Sa Dysonneté

Sophie Breuleux
le 10 mars 2016

Il fait beau, mais le ciel est tout brun : ils ont pas mis en marche le Ventilatout. J’aime le Ventilatout, il rend le ciel tout bleu, et là il est tout brun et il fait mal à ma gorge. Je vais me tourner vers maman, elle a peut-être de l’eau. « Maman tu as l’eau ? »

Elle fait la baboune en cherchant dans sa sacoche, c’est pas du gagné. « Tiens mon chéri », qu’elle me dit quand elle trouve enfin l’eau dans son sac. Il faut pas que j’oublie de la remercier. « Merci, m’man. »

L’eau soulage un peu ma gorge, mais j'ai hâte de retrouver Hubert. C'est notre gros humidificatout à’ maison ! Je regarde le podium où sont les « mal-fait-eurs », comme dit maman. Des saletés que moi je dis ! Des en'midupeup’ ! Je leur crierais ce que je pense si j’avais moins mal pis ça serait pas du joli joli.

Djvoooooooooommmmm ! J'entends sa Dysonneté qui arrive ! Il roule jusqu’à la scène et il nous salue. Il lève son long manche, qui finit par un sèche-main, et plus personne dit rien. Il nous dit : « C’est avec regret que j’annonce l'annulation de la garantie à vie de plusieurs éléments défectueux. Modèle Amélie Rondeaux. Vous êtes coupable de manque de propreté. » La première saleté s’avance, pis elle lui crache sur les roues ! Pas de doute qu'est coupable, elle !

« Vous êtes condamnée à la suffocation par sac. », dit sa Dysonneté. Un grand aspirateur roule jusqu’à eux et s’ouvre, et on peut voir ses entrailles dégueues : de la poussière, des grains de riz, des sciures de bois, des bouts de papier, des épluchures de crayon… ouache ! La foule crie d’horreur, pis moi en premier. La femme se couche dans les déchets, pis elle pleure comme un crocodile. L’aspirateur se referme, pis il reste devant nous pour notre plus grand plaisir. On peut voir la mal-fai-teur-e dedans. J’ai hâte de parier sur combien de temps qu’elle prendra à manquer d’air avec les copains.

« Modèle James O’Neill. Vous êtes coupable d’avoir abrité des allergènes. » dit sa Dysonneté. « C’était juste un petit chaton ! », que la saleté ose répondre en allant devant lui. « Le manche coupable sera purgé. » tranche sa Dysonneté. C’est généreux comme peine, j’suis déçu. J’ai peur qu’il récidive. Notre Maître prend sa main dans son gros sèche-mains. Zing ! Un couteau sort du sèche-mains et pis la main coupable tombe à terre. Tout le monde est bouchebée, personne a jamais vu un sèche-mains comme ça. Moi j’ai hâte qu’on en aie un à la maison, ça va me faire une bonne guillotine pour les poupées à ma sœur !

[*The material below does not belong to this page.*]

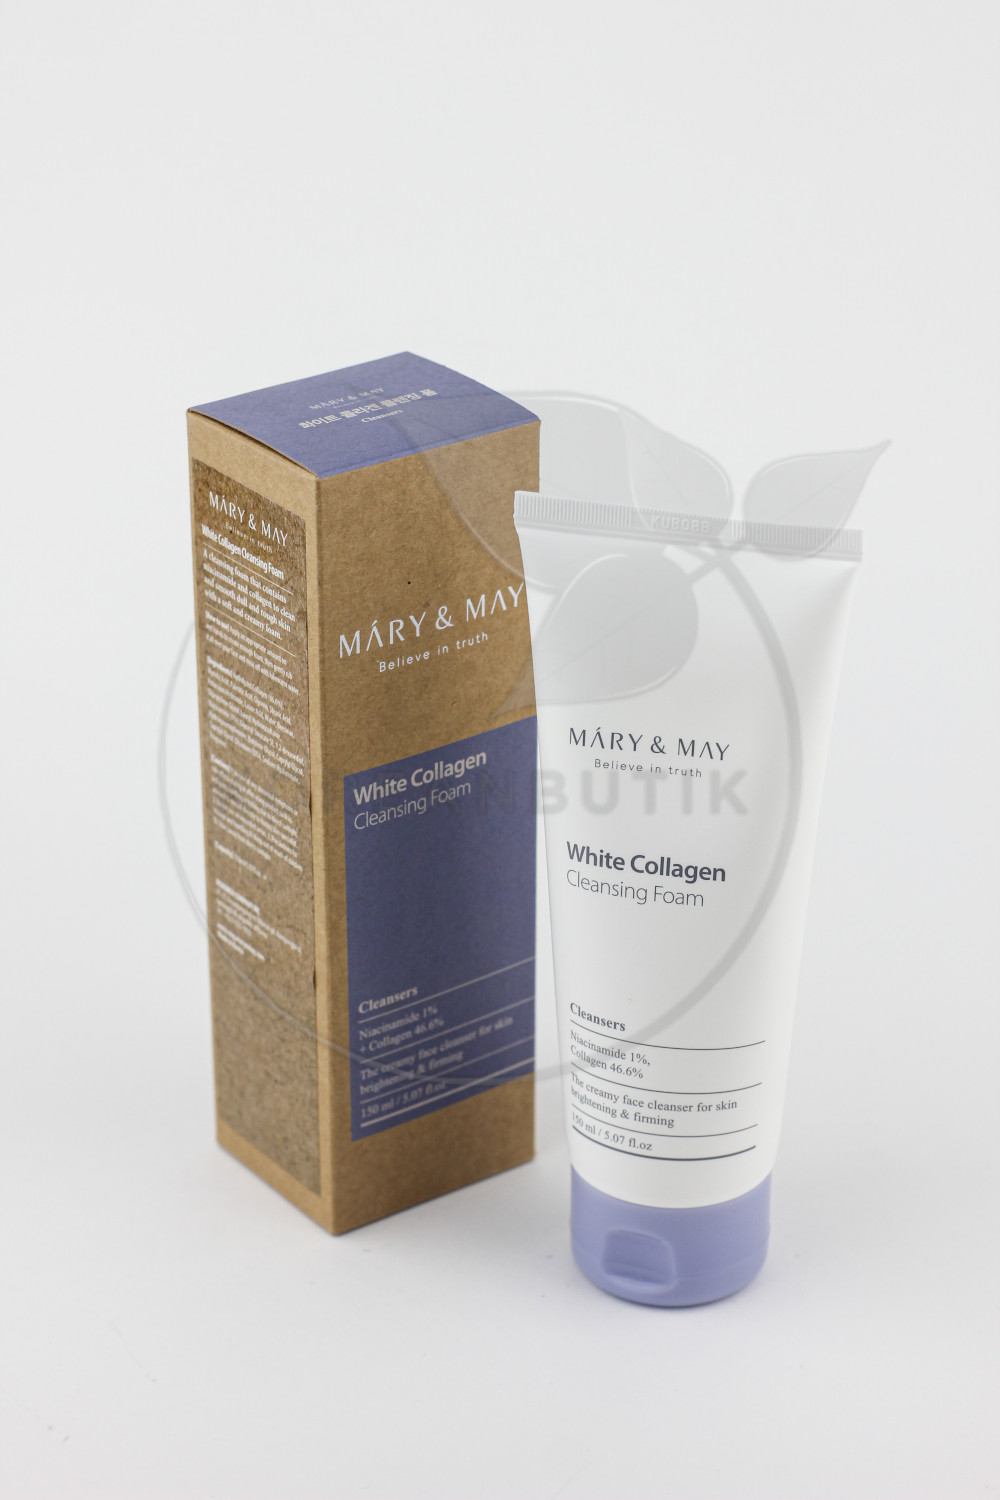  Mary&May White Collagen Cleansing Foam 150ml 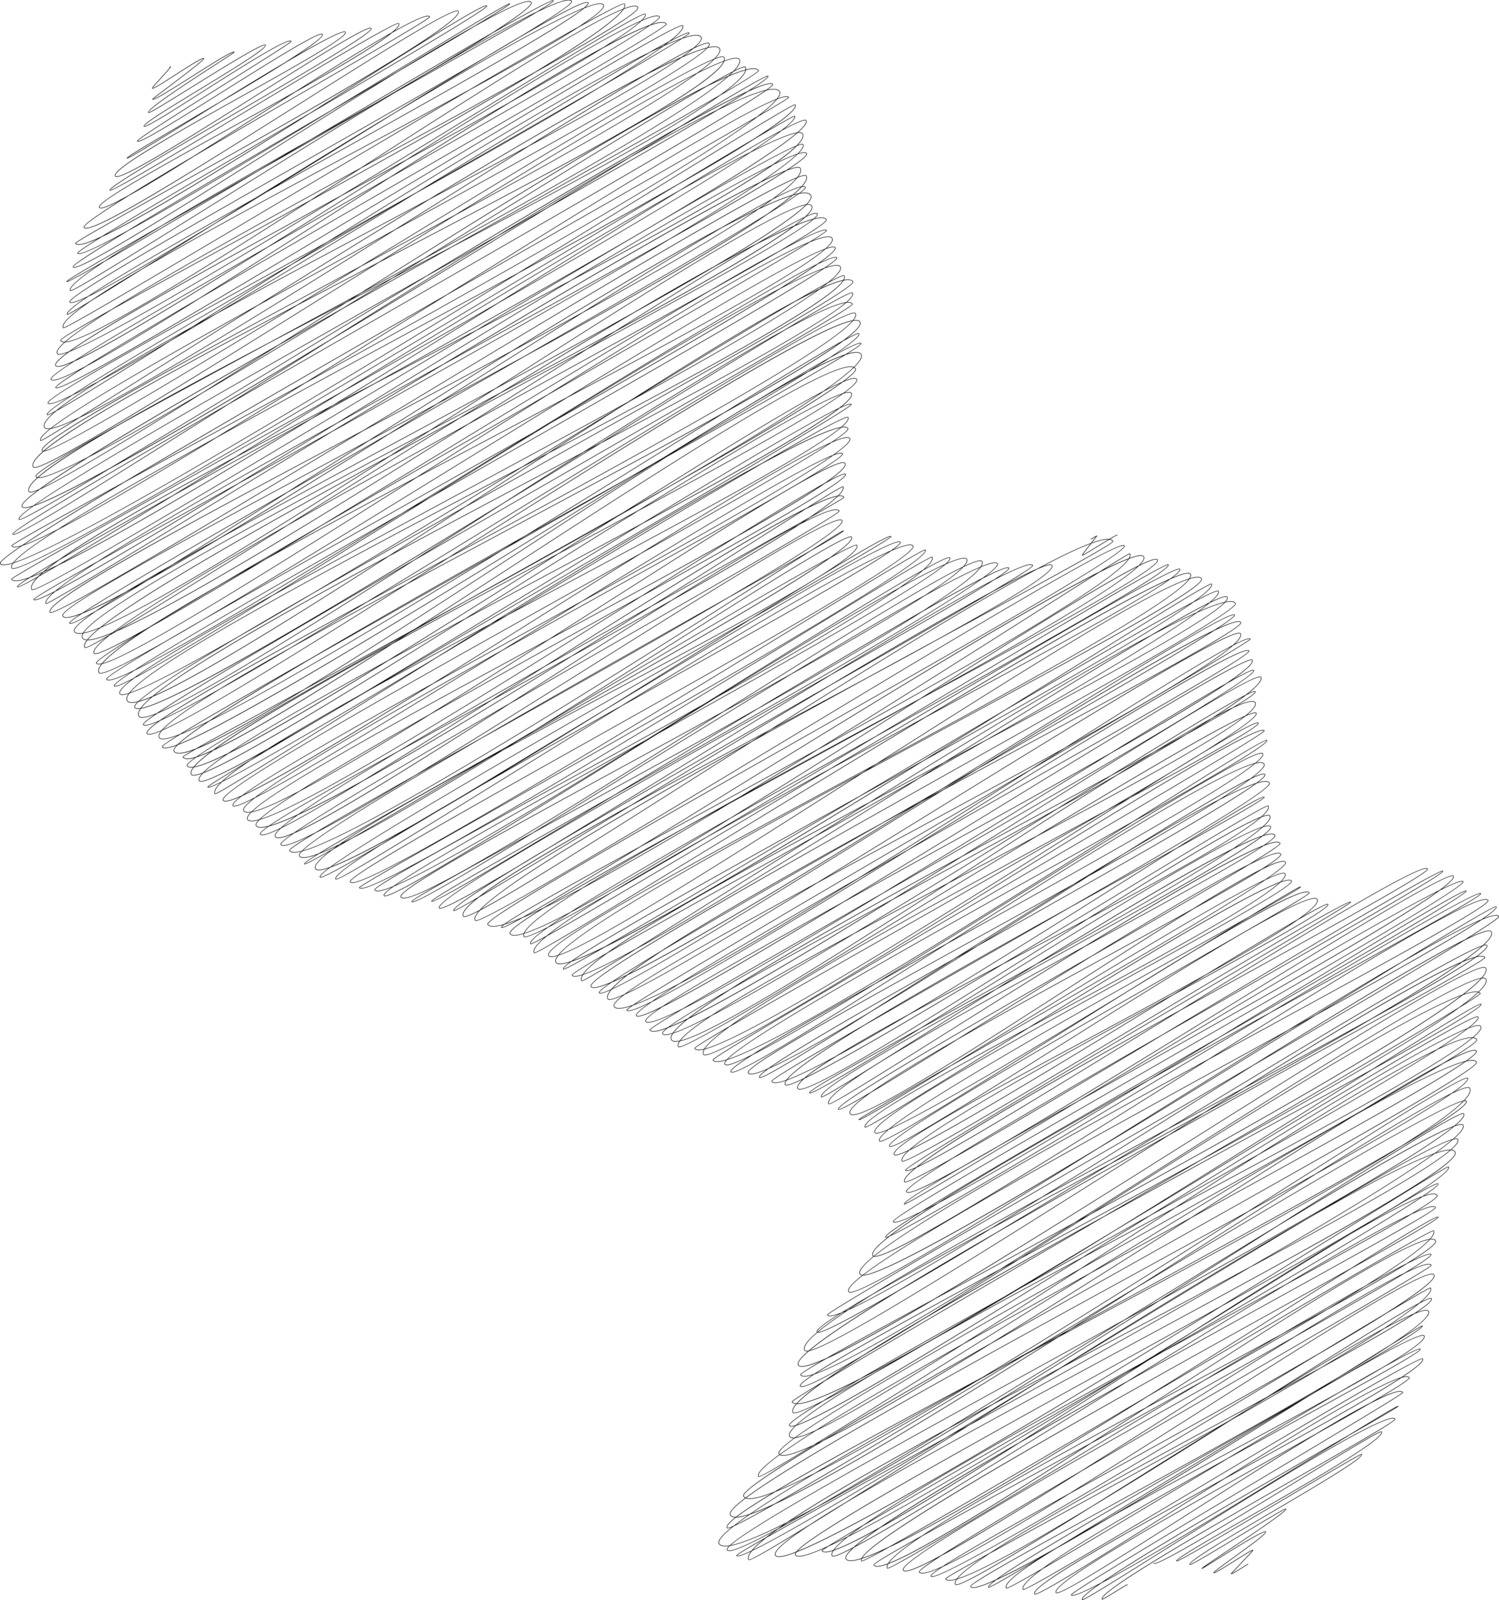 Paraguay - pencil scribble sketch silhouette map of country area with dropped shadow. Simple flat vector illustration.

« Modèle Jacques Briant. » La dernière saleté se traine jusqu’à sa Dysonneté, mais, pris de peur ou j’sais pas quoi, part à courir. J’avance la tête pour mieux voir ce qui s'passe, mais il est pas assez vite pour le grand pouvoir d'succion brev'té de sa Dysonneté. Il est 100% immobile et sa Seigneurie roule jusqu'à la mocherie. « Vous êtes coupable de puanteur anormale, additionné de désobéissance crasse. Que votre carte mère repose en paix. »

L'aspiratout enclenche la vitesse supérieure, et il est aspiré tout cru. C’est déjà tout pis tout le monde applaudit. Le ventilatout repart. Fiou ! Il fait déjà moins brun. C’était juste pour nous mettre en haleine alors. Je savais aussi que le ventilatout ne pouvait pas être en panne ! Sa Dysonneté l’aurait pas permis. On va retourner à la maison pour le goûter, et peut-être qu’on pourra aller voir les gerbilles de la voisine se faire centrifuger, ça s'rait chouette.